The lines from the one containing "Skechers Girls Twinkle Toes Party Pets" through the last line below, both ends included, must be reproduced exactly, with no pictures.

**STORED DATA**:
■ ■ ■ ■ ■ ■ ■

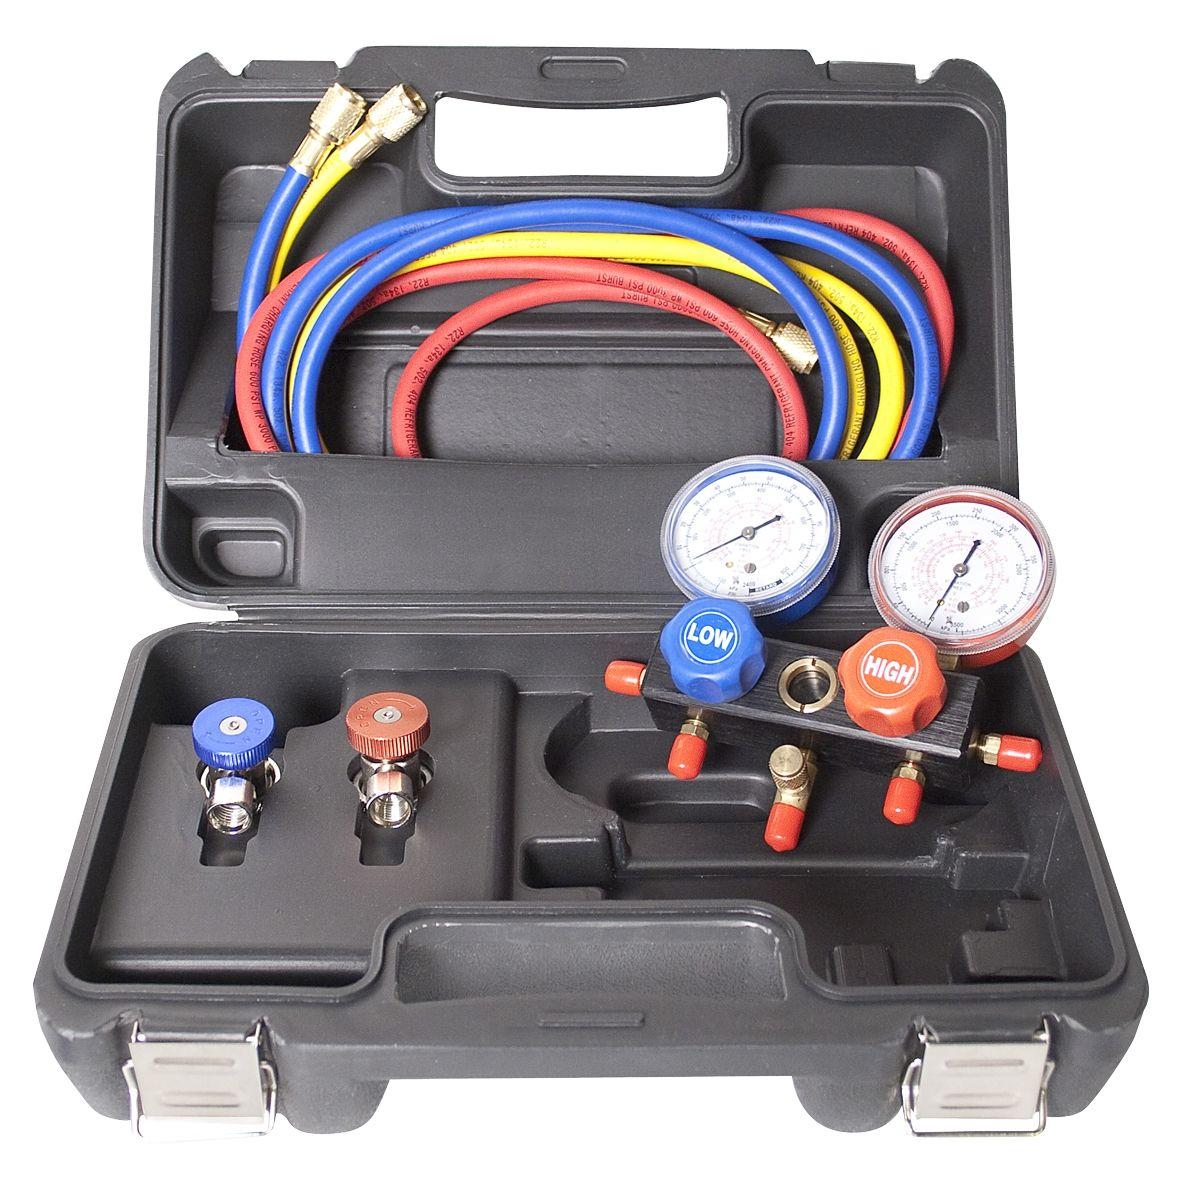 Electronic Auto Gauge Set : Reviews r a aluminum block manifold gauge set w manual
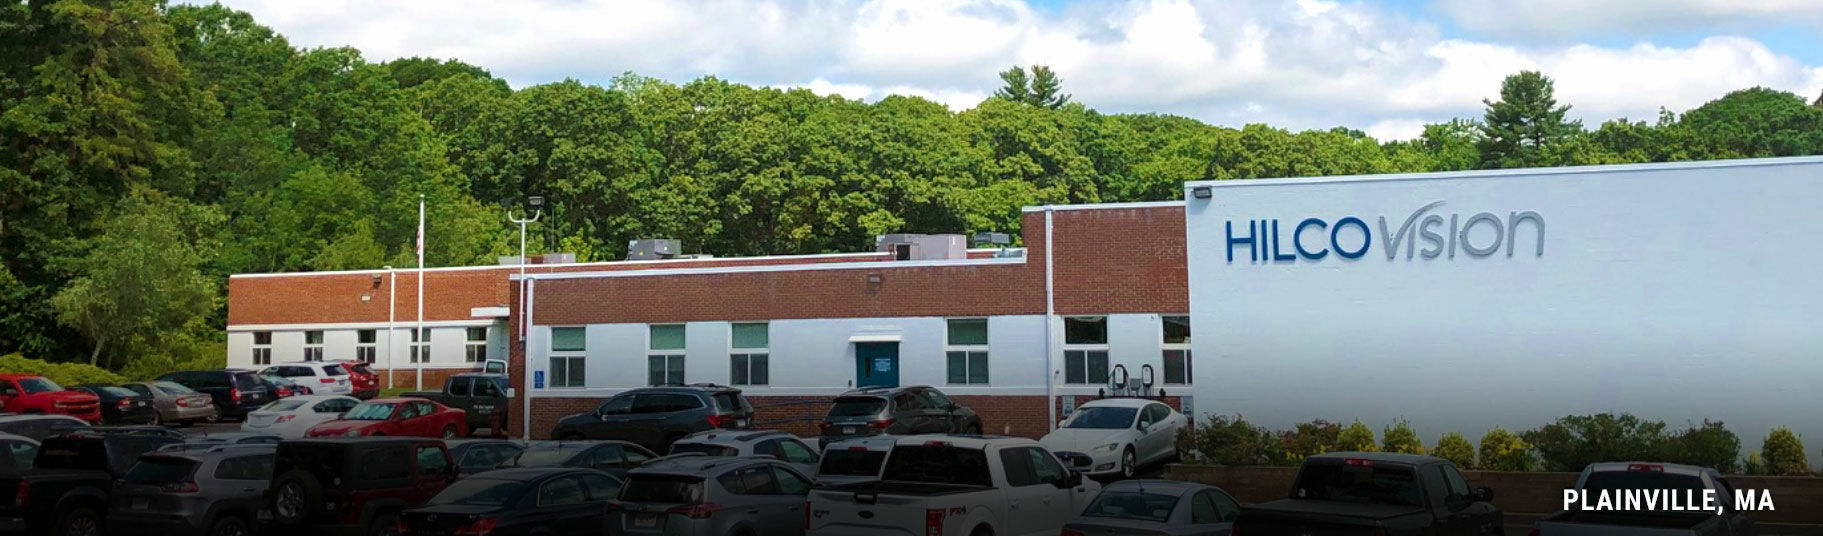 hilco-vision-headquarters-plainville-ma
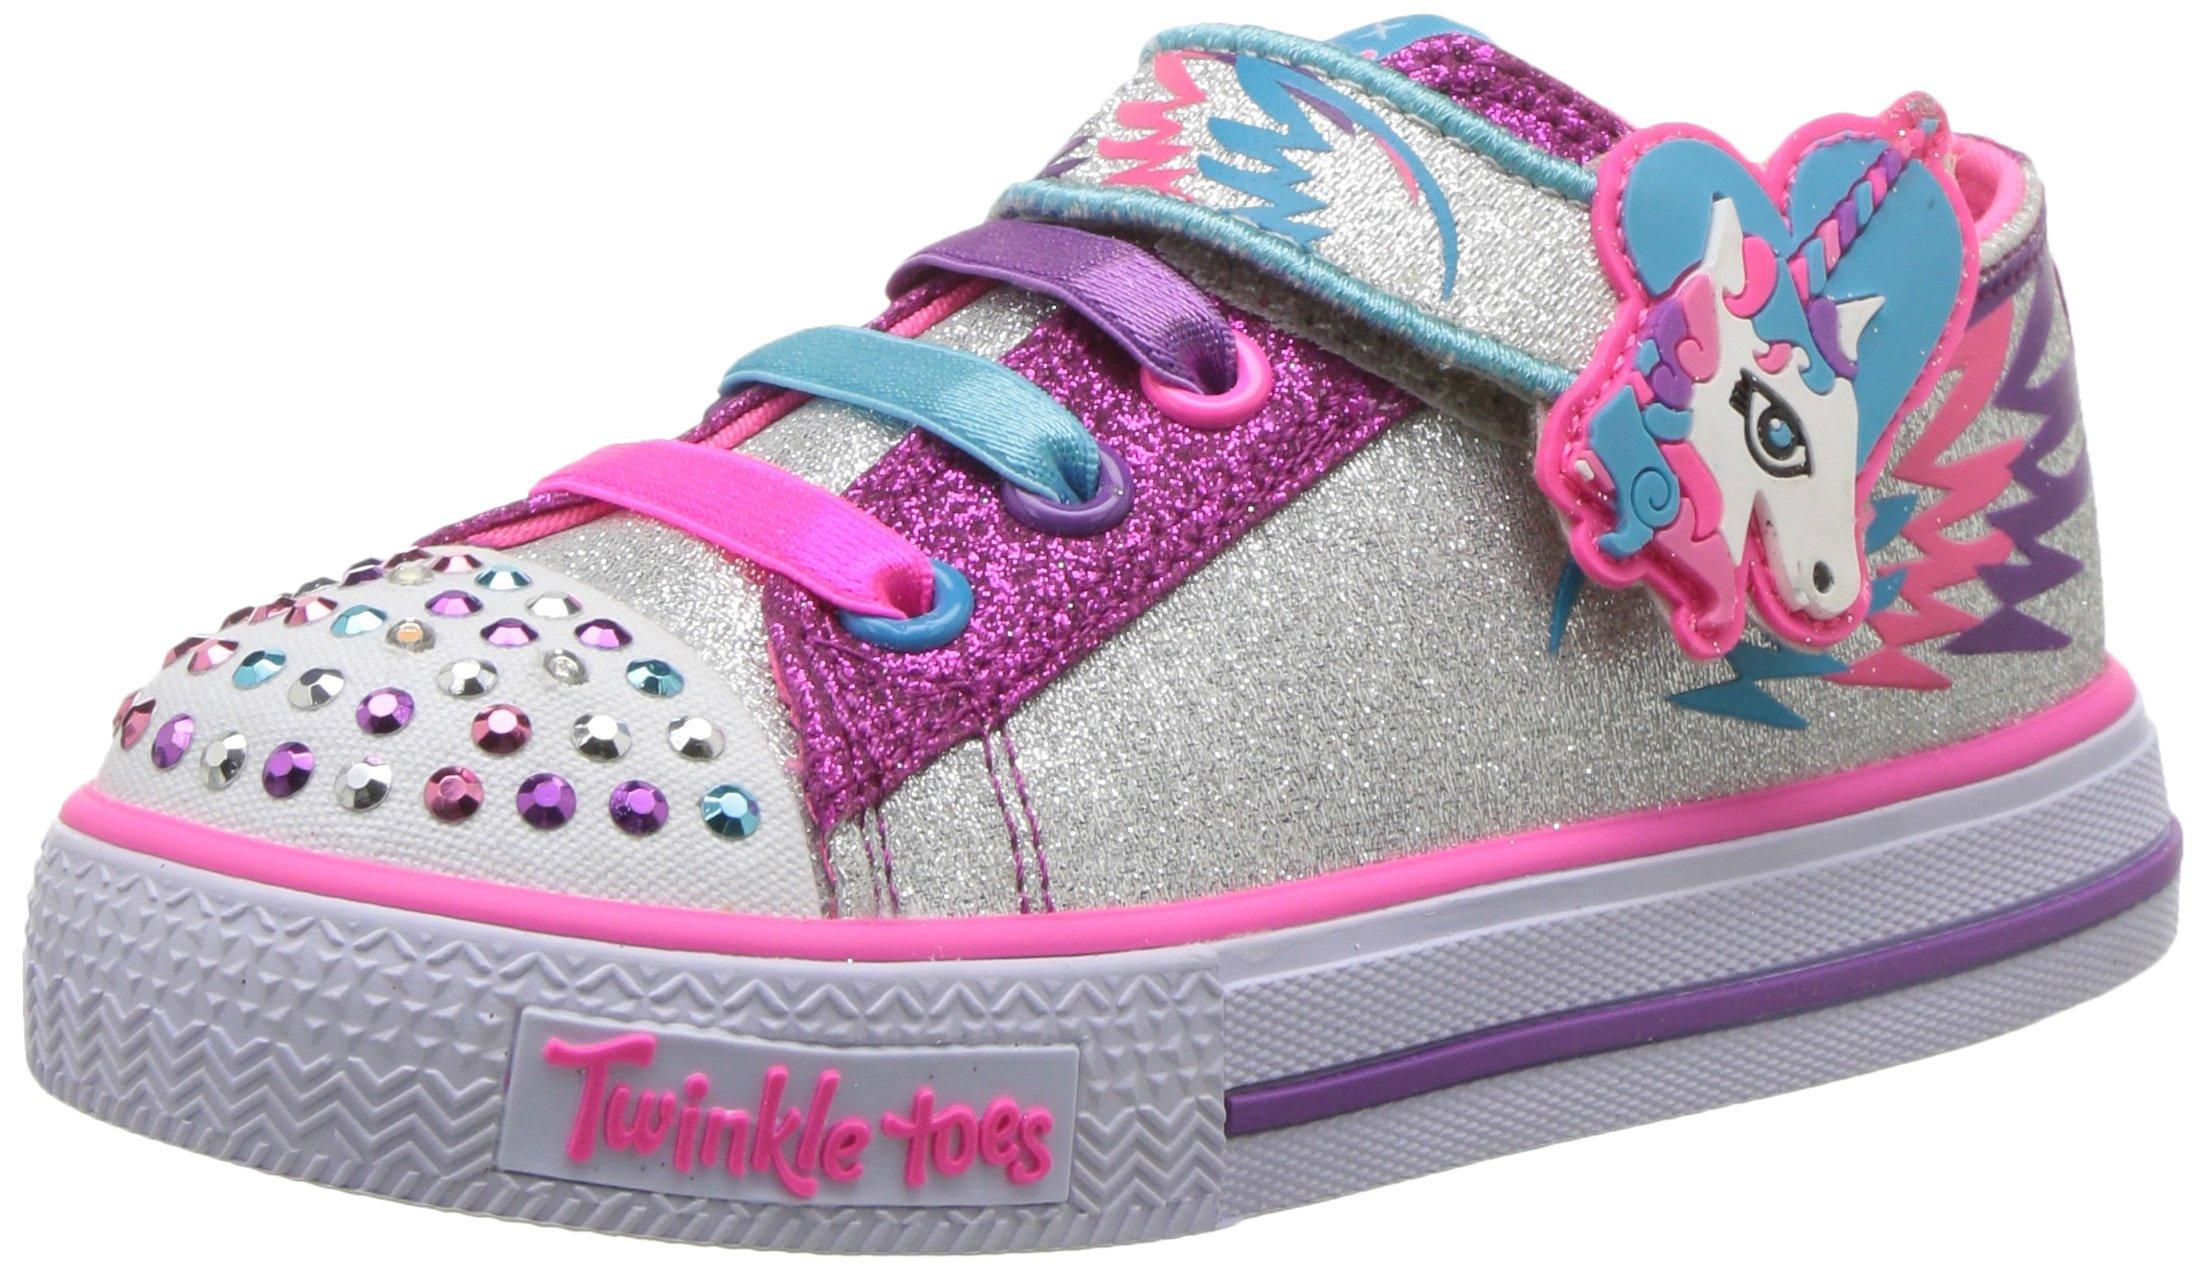 Skechers Girls Twinkle Toes Party Pets
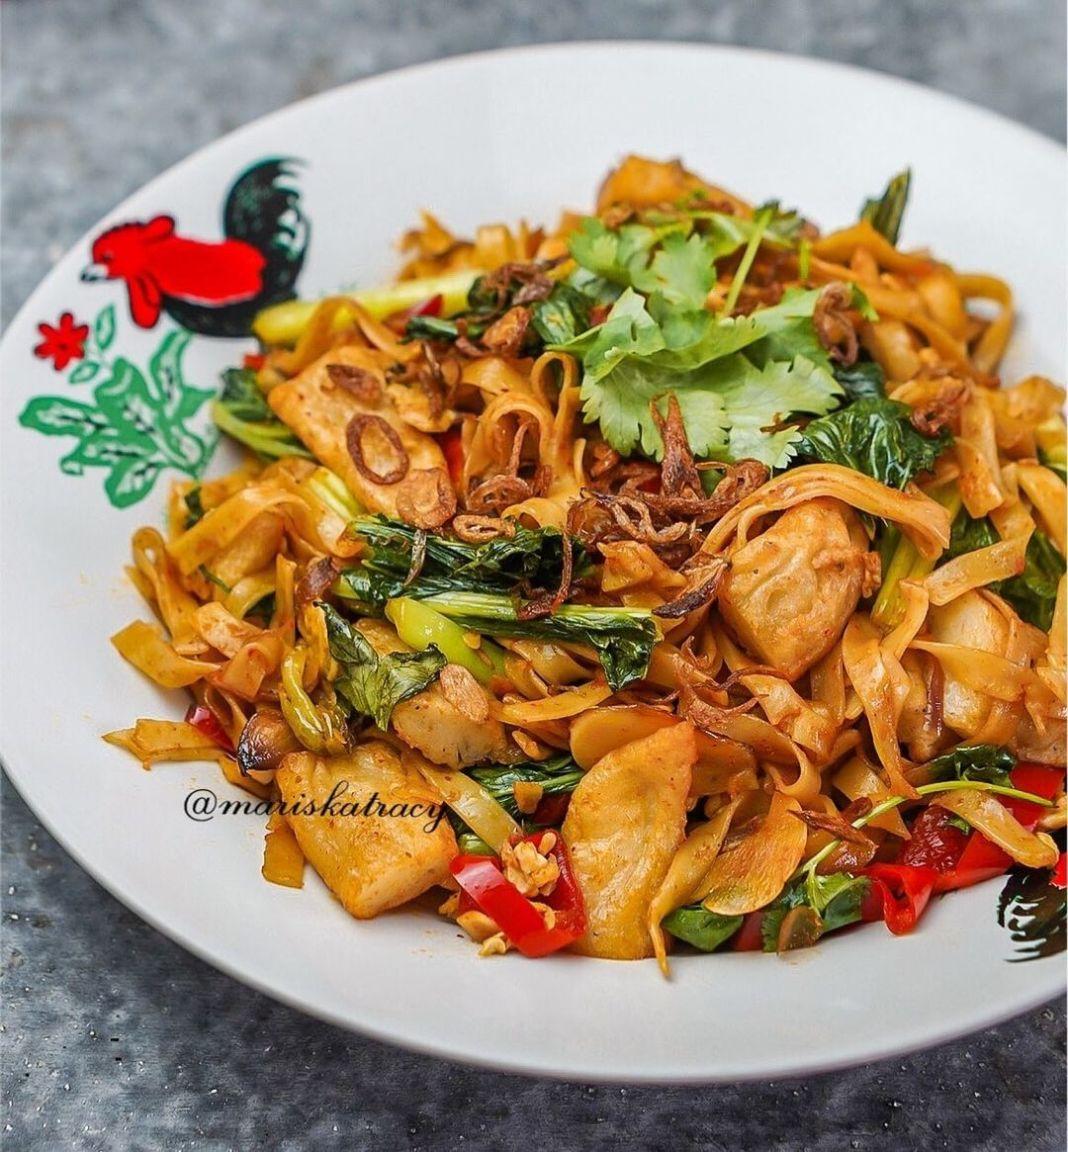 Info kuliner, Kwetiaw Goreng Tomyam Bikin kwetiaw ala-ala yang rasanya beda dari biasanya  Bahan: 1. 200 gram…

■ ■ ■ ■ ■ ■ ■

**TASK RESPONSE**:
 Skechers Girls Twinkle Toes Party Pets
 Info kuliner, Kwetiaw Goreng Tomyam Bikin kwetiaw ala-ala yang rasanya beda dari biasanya  Bahan: 1. 200 gram…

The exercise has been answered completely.